Scene In Passing: Of Millennials, Gen Z and ‘ready-fire-aim’

If you think the generations coming into power during the next decade are different, you’re on target.

Millennials will be in the 25 to 45 age range by 2025, and that will be the time frame during which they will get their hands on the steering wheel of life for which they’ve been yearning since they got their hands on actual automotive steering wheels in their mid-teens. Those following them are entering full-force adulthood, a front-row passenger seat, but the Millennials are in the driver’s seat.

These folks, generally born in the 1980s (Generation X) and 1990s (Generation Y), are a pre-9/11 group whose world looks much different than it does to someone born well before 1980. Millennials, and those who follow them as well, know war without borders, college without assured job prospects, high school without learning, grade school without parents due to two-job households or divorce, and most of all that money is ephemeral.

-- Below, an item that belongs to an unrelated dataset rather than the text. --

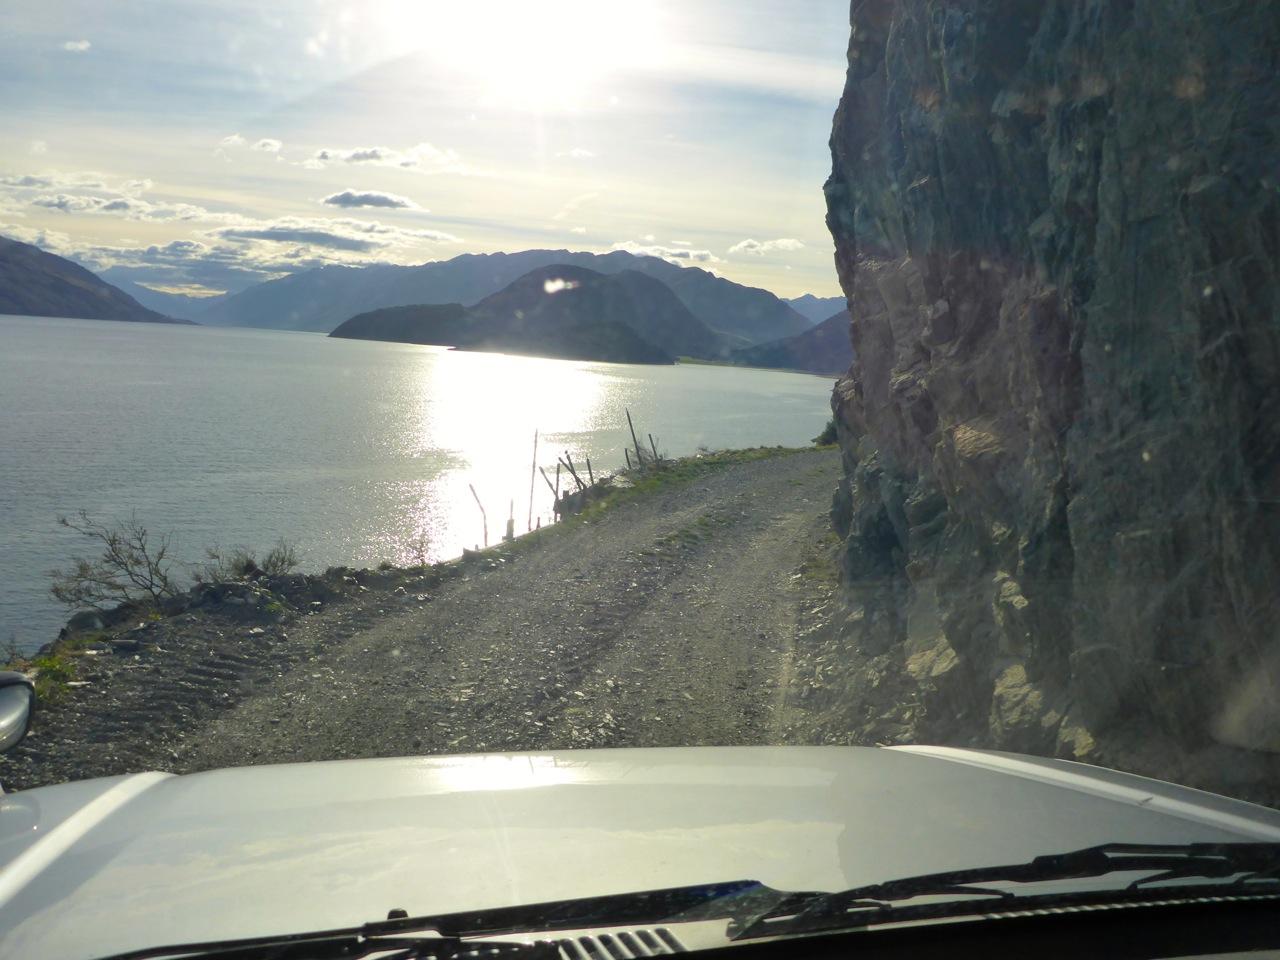 Sheer cliffs on the left!

Oddly, or perhaps not so much, they’ve learned to cope in such an upside down and inside out world. Many young adults rent rather than buy, date around longer, understand if they have a job it won’t be permanent, know they may test multiple career paths before life begins at 40, and are more judgmental about the efficacy of straight marriage than they are put off by gay marriage.

They’ve learned life is risk and debt is risky. So it didn’t surprise me when an ABC News online article said a survey of 1,000 adults, which included 142 Millennials among them, showed more than a third of the small ages 19-29 sample had never had a credit card. The online article guessed perhaps they’re spooked by poor employment prospects or high student debt, and noted some prefer debit cards.

There’s little doubt people in such squishy surveys haven’t always been honest and the sample size was tiny, but the 36 percent total for non-credit card preference among Millennials is still a startling figure. The survey — which had a 3.6 plus/minus margin of error for the 1,000 adult participants — was commissioned by a credit card-related website. It was done by Princeton Survey Research Associates International on behalf of CreditCards.com.

So what does it mean? Nobody knows for sure. Anyone claiming such knowledge is blowing smoke. But I’ll hazard a guess and caution Carson City merchants, or anyone else reading this, to ponder whether there’s logic in my take.

Credit won’t go away, but cards and the obscene interest rates associated with them slowly will fade as the marketplace morphs. Mobile technology will take over the chore and the Millennials or post-Millennials (for fun, call ‘em Generation Z) will pay the freight for the tech but not buy wholeheartedly into the time/loan scenario.

One massive reaction in the lessons learned by this next group closing in on 40 — a group keyed to the “next big thing” — is likely to be a waning interest in trading long-term commitment for short-term reward. They’ve learned to rent before they buy, test drive partners before they marry, dabble job-wise before signing on for a career gig, and avoid their predecessors’ habits in the ready-fire-aim era that pre-dated them.

They won’t abandon buy now, pay later. But more are foregoing the buy-everything, pay-forever syndrome that fuels credit cards and helped cause the not-so-great Great Recession a few years back.